Suppose a certain manufacturer of building components claims that at least 95% of the building

components they produce conform to specifications. An examination of 500 various components
supplied by the firm revealed 40 faulty ones. Does this result provide sufficient evidence to reject the
manufacture’s claim at 5% decision level?

To test whether the manufacturer's claim can be rejected at a 5% decision level, we can conduct a one-sample proportion hypothesis test.

Null hypothesis (H0): p = 0.95 (proportion of conforming components)
Alternative hypothesis (H1): p < 0.95 (proportion of conforming components is less than claimed)

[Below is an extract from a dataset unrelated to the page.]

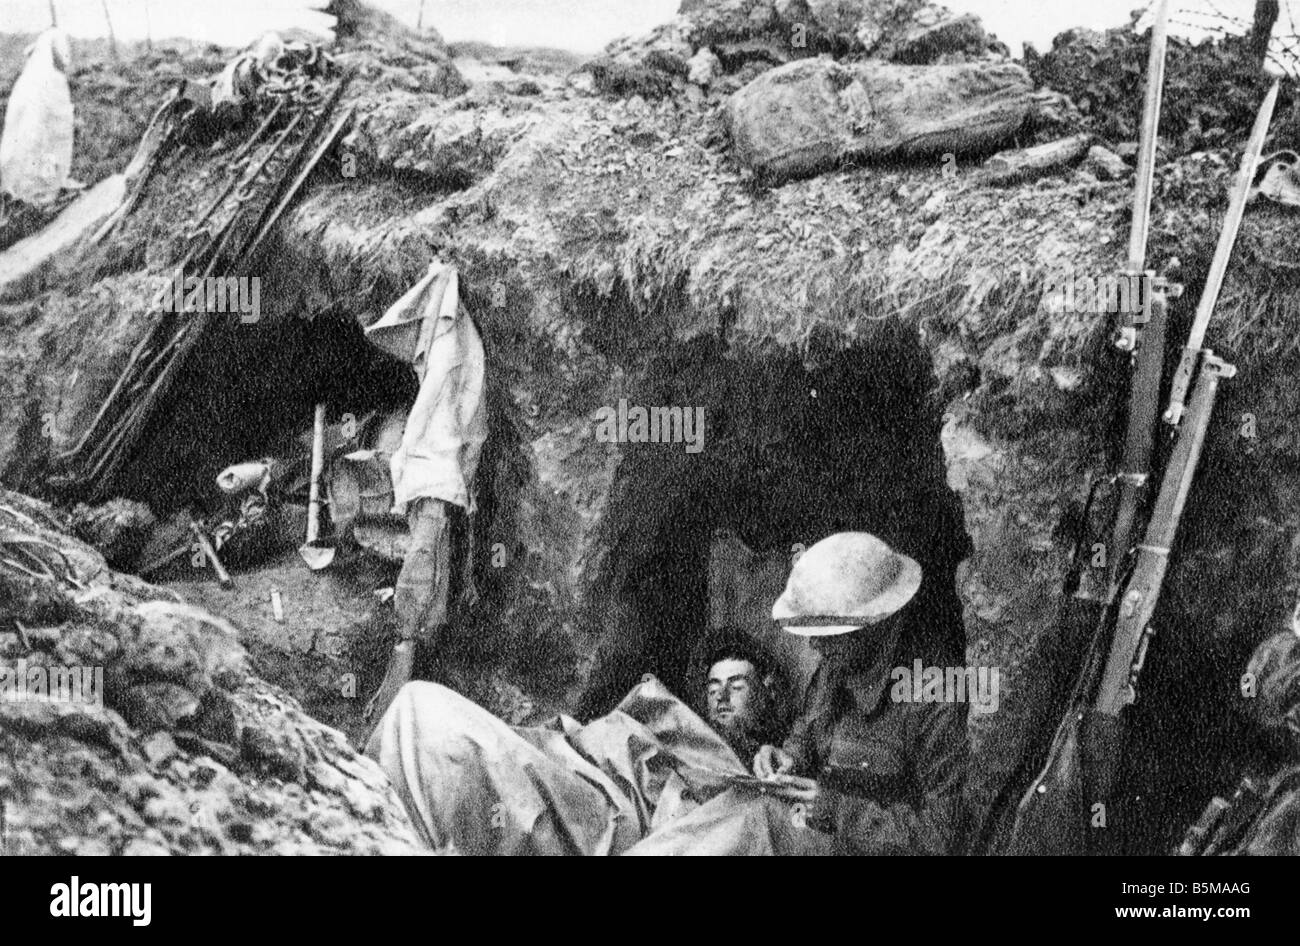 Britische Soldaten im Graben WWI 1915 Geschichte Weltkrieg Western Front Trench Warfare britische Soldaten in einem Graben Foto c 1915 Stockfoto

The test statistic for this hypothesis test is a z-score, which is calculated using the formula:

z = (p̂ - p) / sqrt(p * (1 - p) / n)

Where:
p̂ is the sample proportion of faulty components (40/500 = 0.08)
p is the claimed proportion of conforming components (0.95)
n is the sample size (500)

Using these values, we can calculate the z-score:

z = (0.08 - 0.95) / sqrt(0.95 * (1 - 0.95) / 500)
= (-0.87) / sqrt(0.0475 / 500)
≈ -14.55

At a 5% decision level, the critical z-value for a one-tailed test is approximately -1.645 (obtained from the standard normal distribution table).

Since the calculated z-score (-14.55) is much smaller than the critical z-value (-1.645), we can reject the null hypothesis. There is sufficient evidence to conclude that the manufacturer's claim of at least 95% conforming components is not supported by the data.